Jun 16, 2021 11 min read

The quality of a good code is measured by, among other elements, the ability to understand the context around its design, thus permitting maintenance later on. It should also be easy to read, and have comments that explain the role the code plays, as well as its functions. This underscores two of the most fundamental elements of developing and documenting code.

For the entire computation process to be complete, execution should also be included, and, depending on the programming tools being used, communication of the results. Notably, an interactive computing interface already exists that combines all these mentioned elements. It’s known as the Jupyter Notebook.

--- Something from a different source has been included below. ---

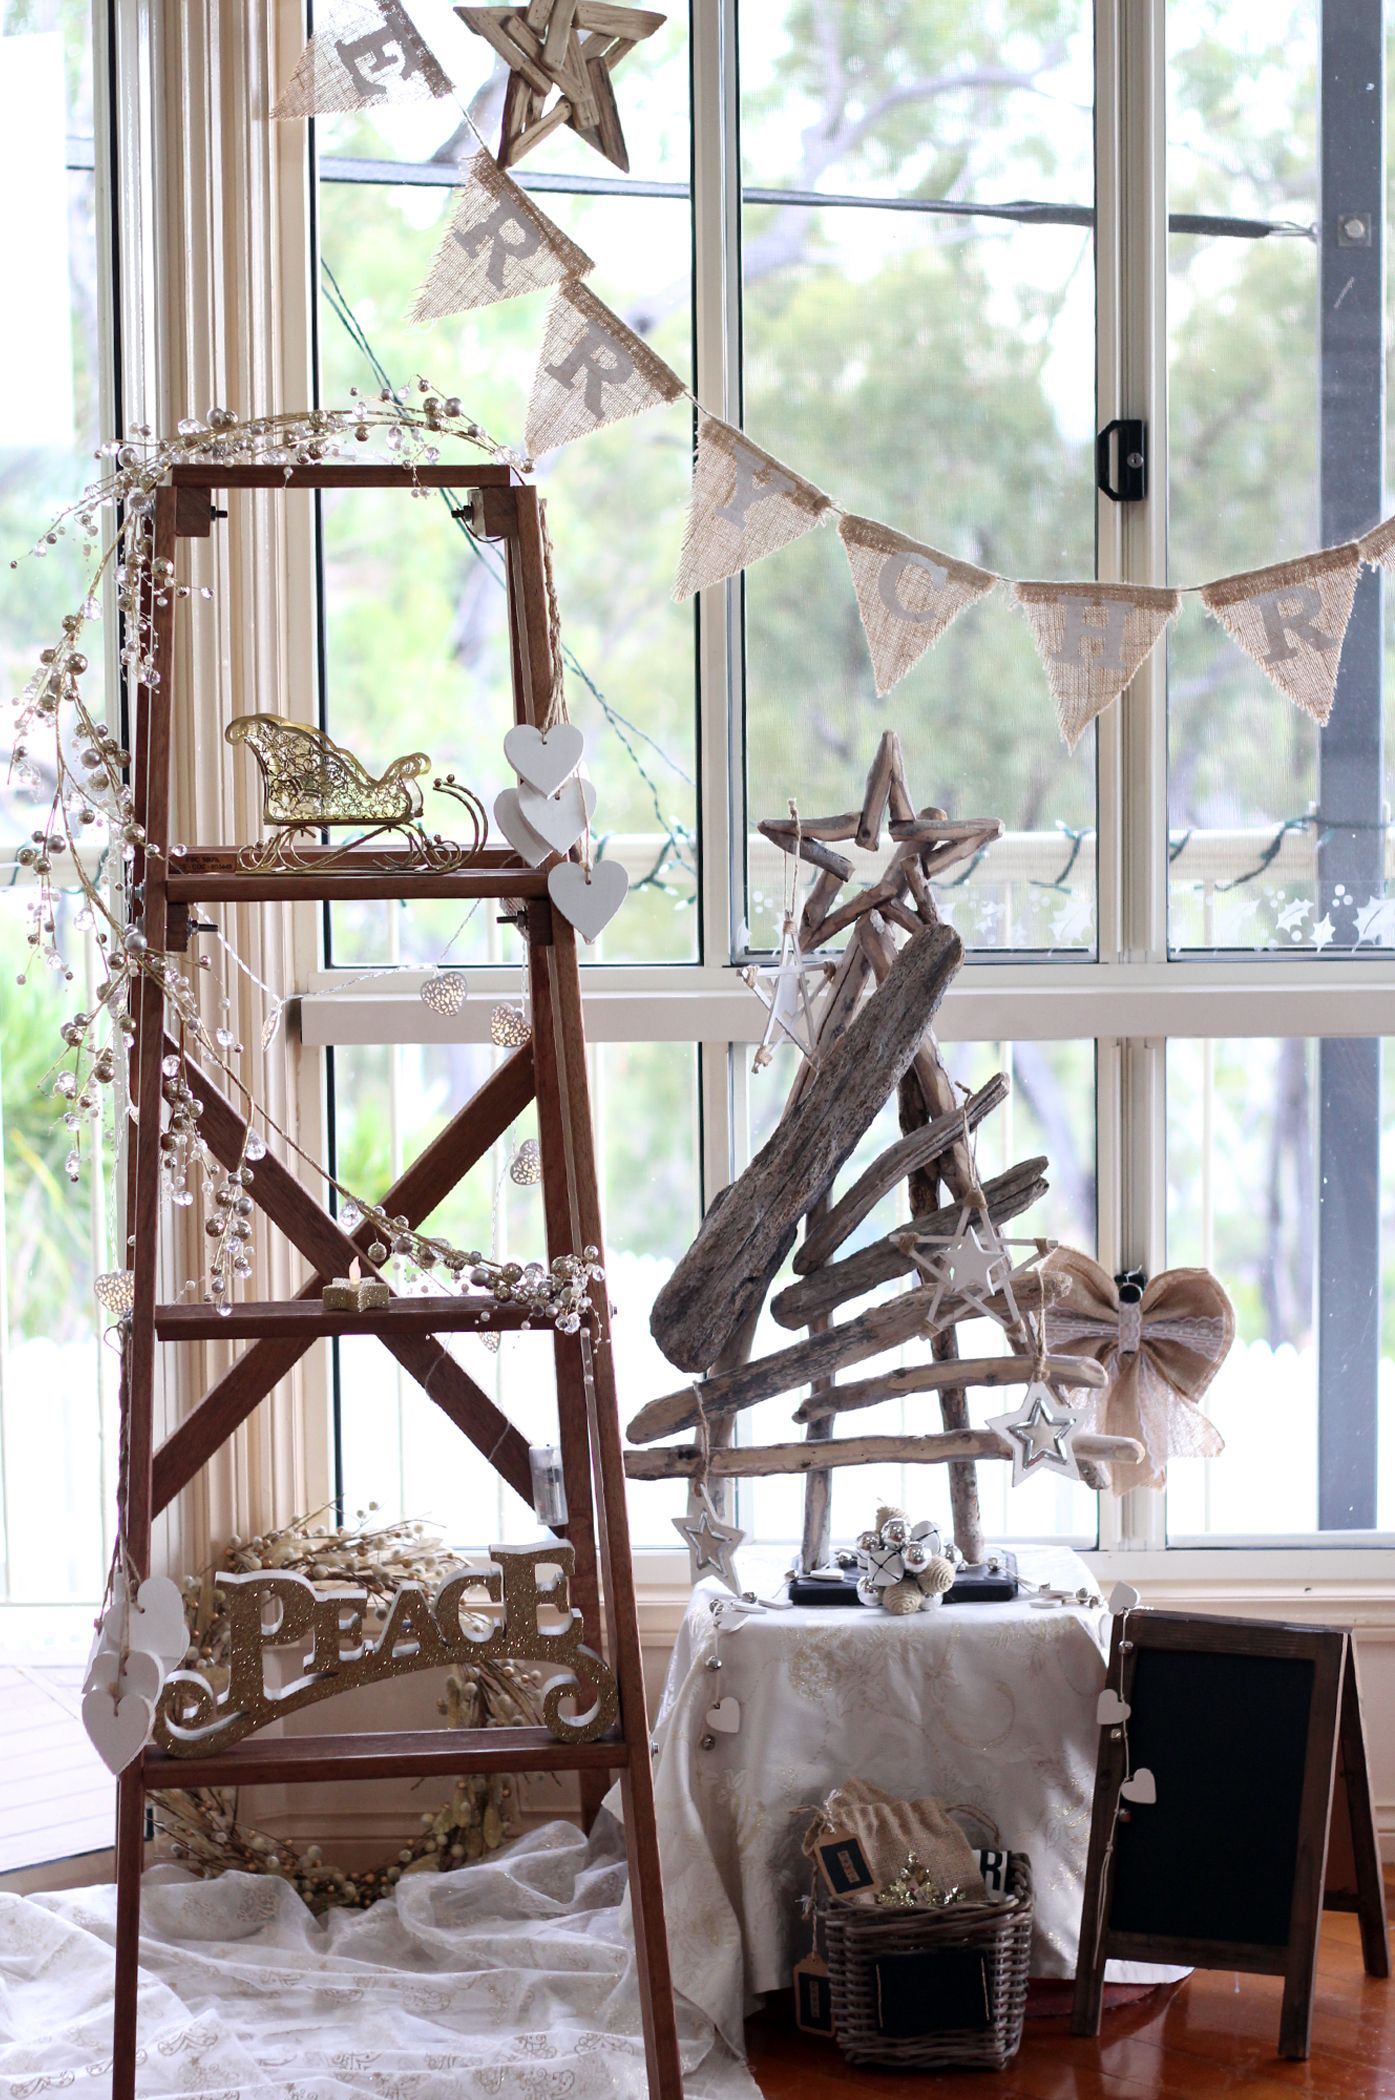 Rustic Christmas, Christmas Ladder, Driftwood Christmas Tree, Chalkboard Christmas, Burlap Christmas
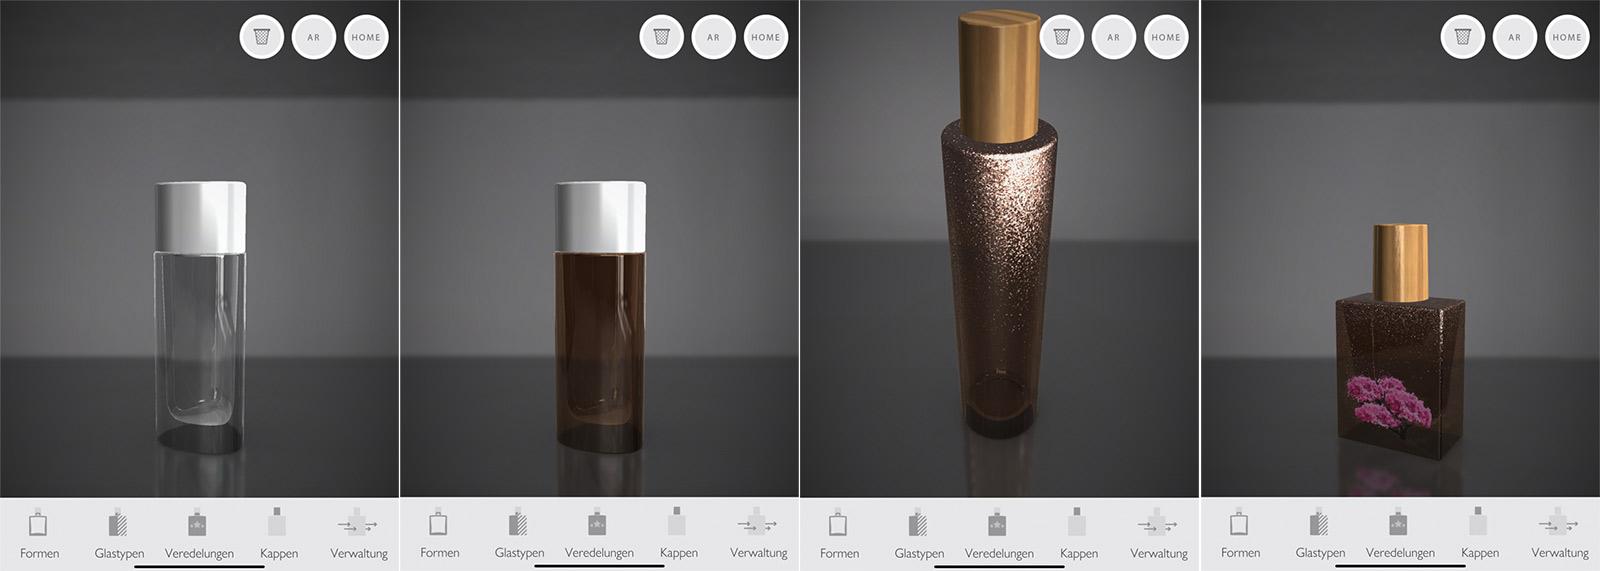 Produkt-Konfiguration mit AR

This article discusses exhaustively what is Jupyter Notebook, its uses, how to set it up on your computer, and whether it’s ideal for beginners. Importantly, this article is essentially a Jupyter Notebook tutorial on various aspects of the application, including using it for web scraping.

What is a Jupyter Notebook?

From basic computing principles, a notebook interface is a coding environment that allows for the development of code, as well as documentation of the logic behind the code. Simply, it’s an environment that facilitates literate programming. At launch in 1987, the notebook interface was a system of documenting mathematical metaphors to support mathematical applications that undertook the computation.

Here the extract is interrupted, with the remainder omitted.